[Exercise goal]:
Each line from the one holding "Single Family Home" to the last line of the listing must be set down exactly. No pictures are to be included.

[Data]:
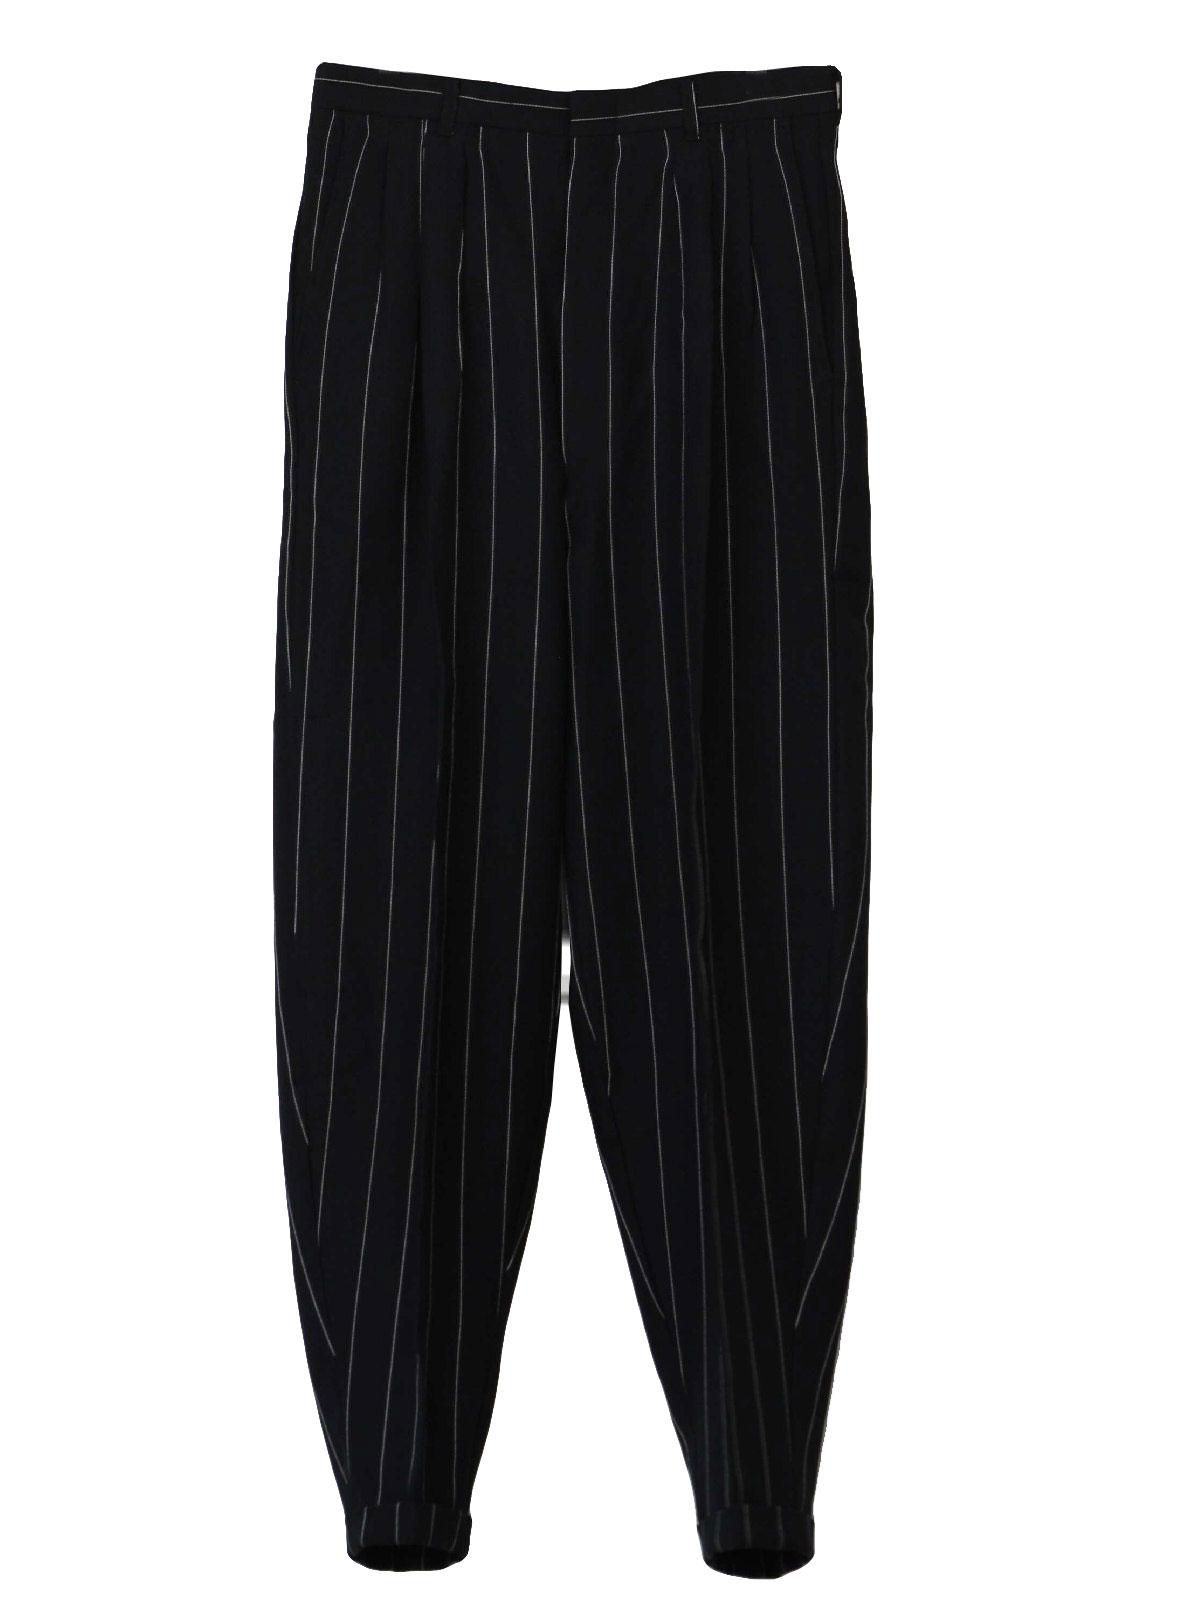 Retro 1940s Pants Smokey Joes  40s style made
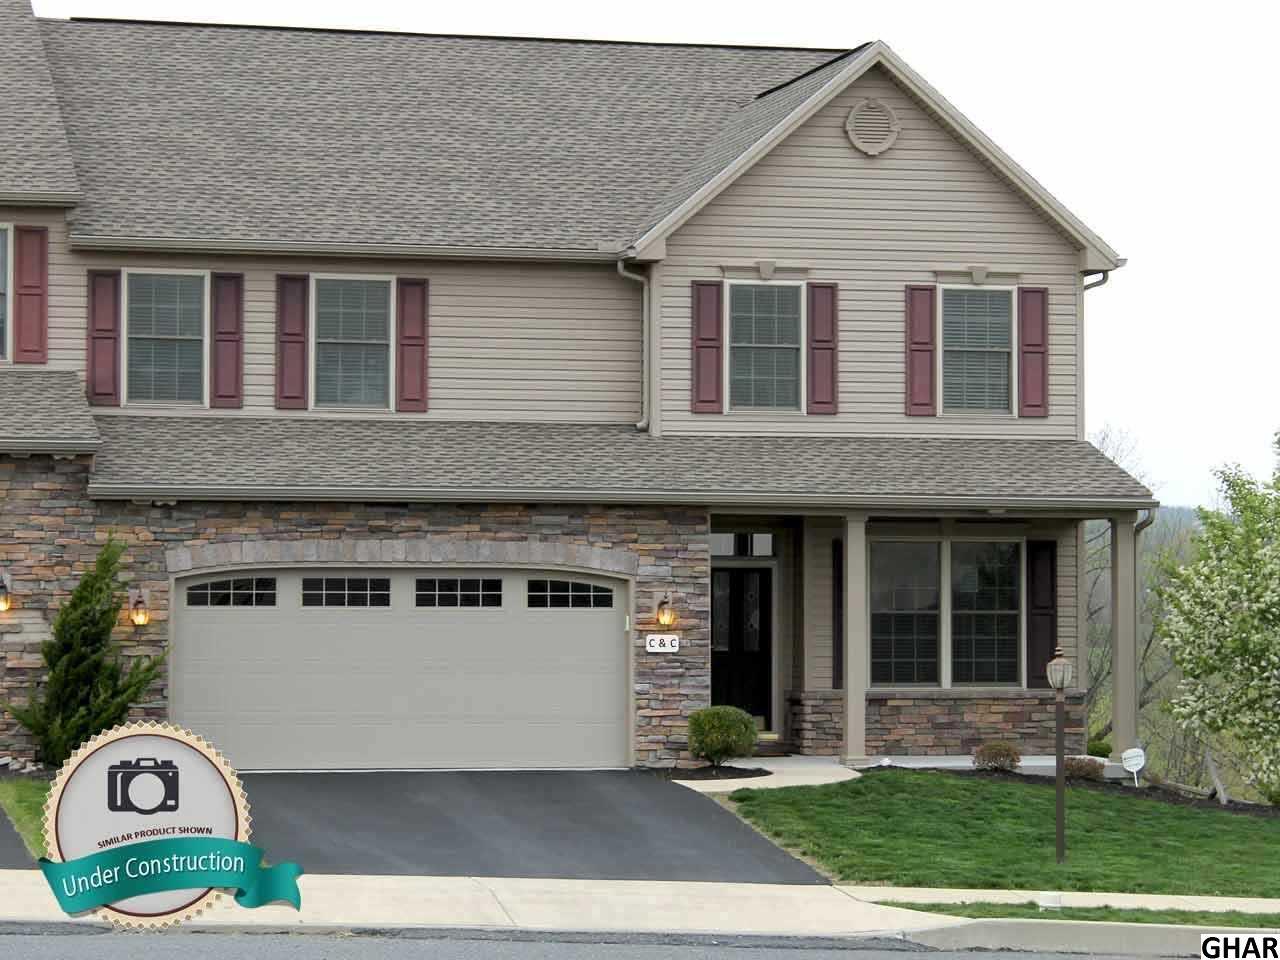 Single Family Home for Sale, ListingId:33918455, location: 4303 N Victoria Way Harrisburg 17112
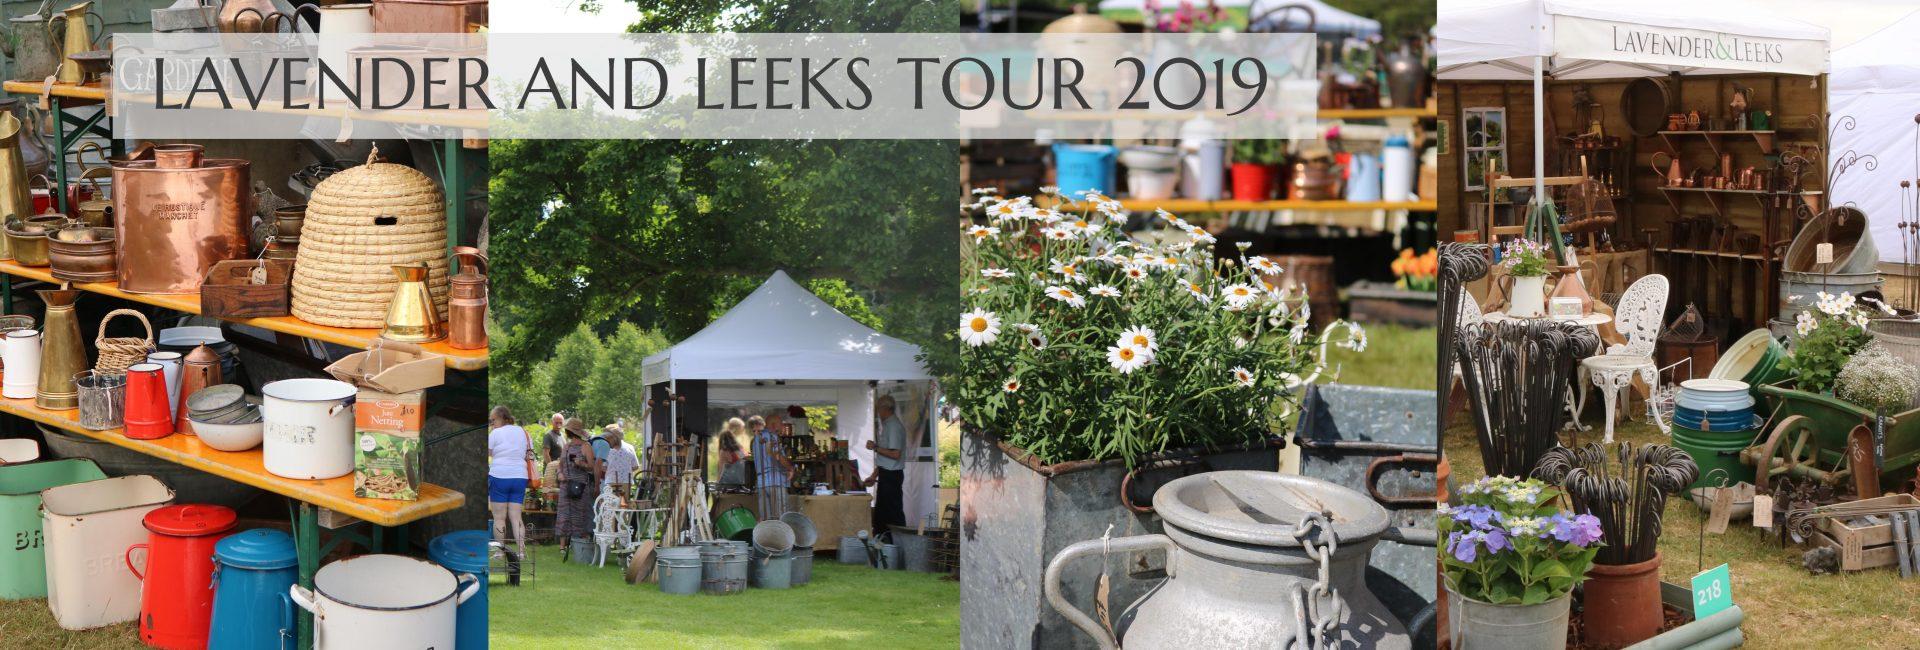 Lavender and Leeks Tour 2019
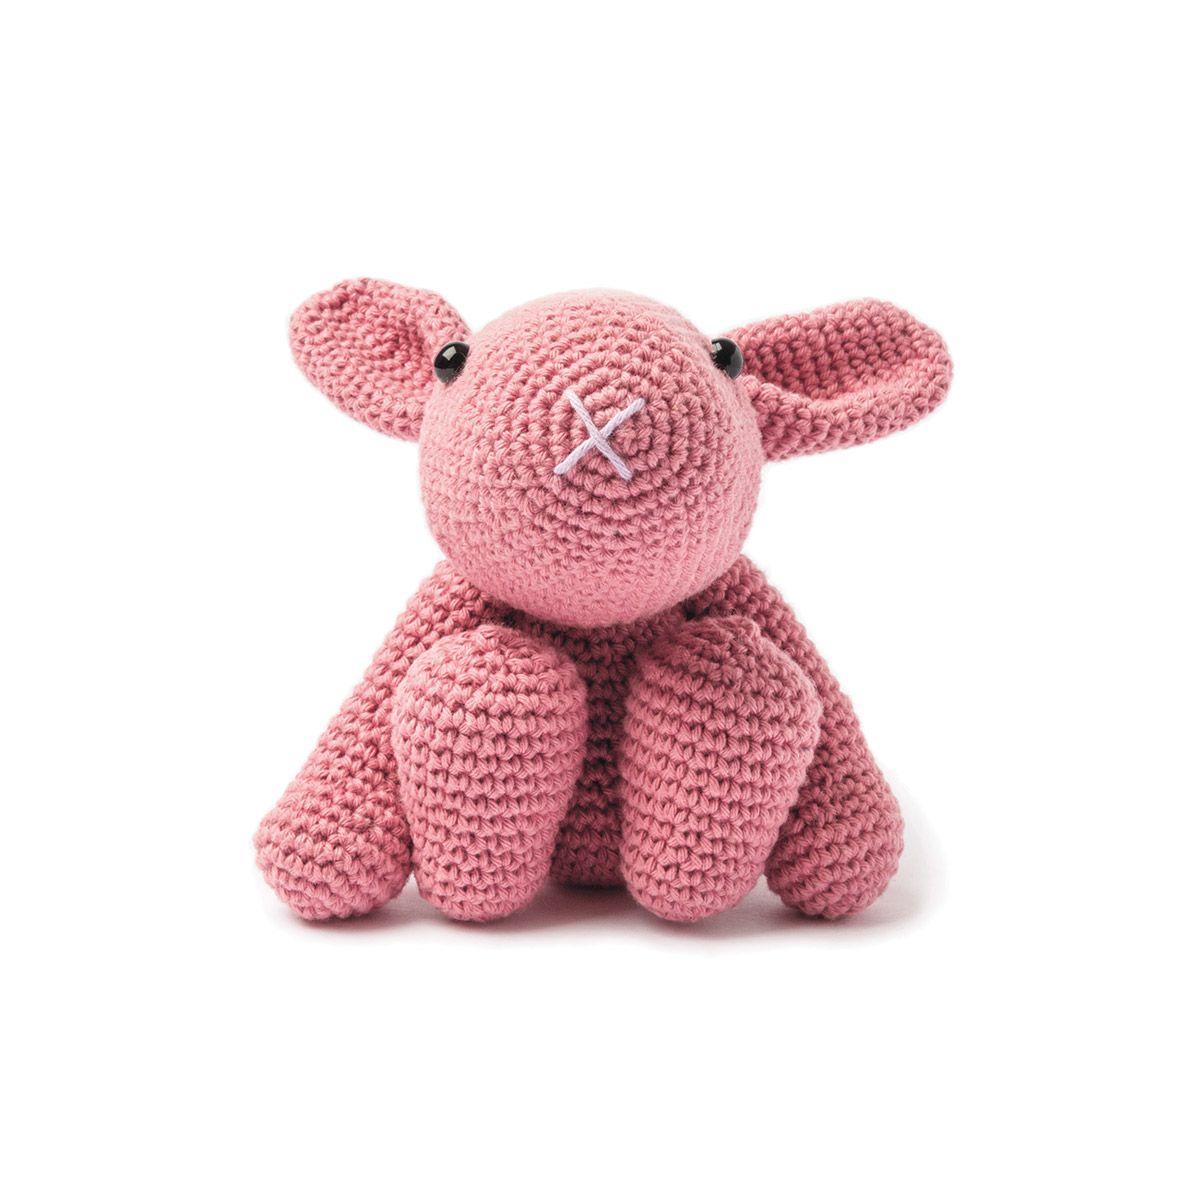 Kit crochet amigurumi - Lapin I vieux rose

[Result of the exercise]:
 Single Family Home for Sale, ListingId:33918455, location: 4303 N Victoria Way Harrisburg 17112
 Lavender and Leeks Tour 2019
 Kit crochet amigurumi - Lapin I vieux rose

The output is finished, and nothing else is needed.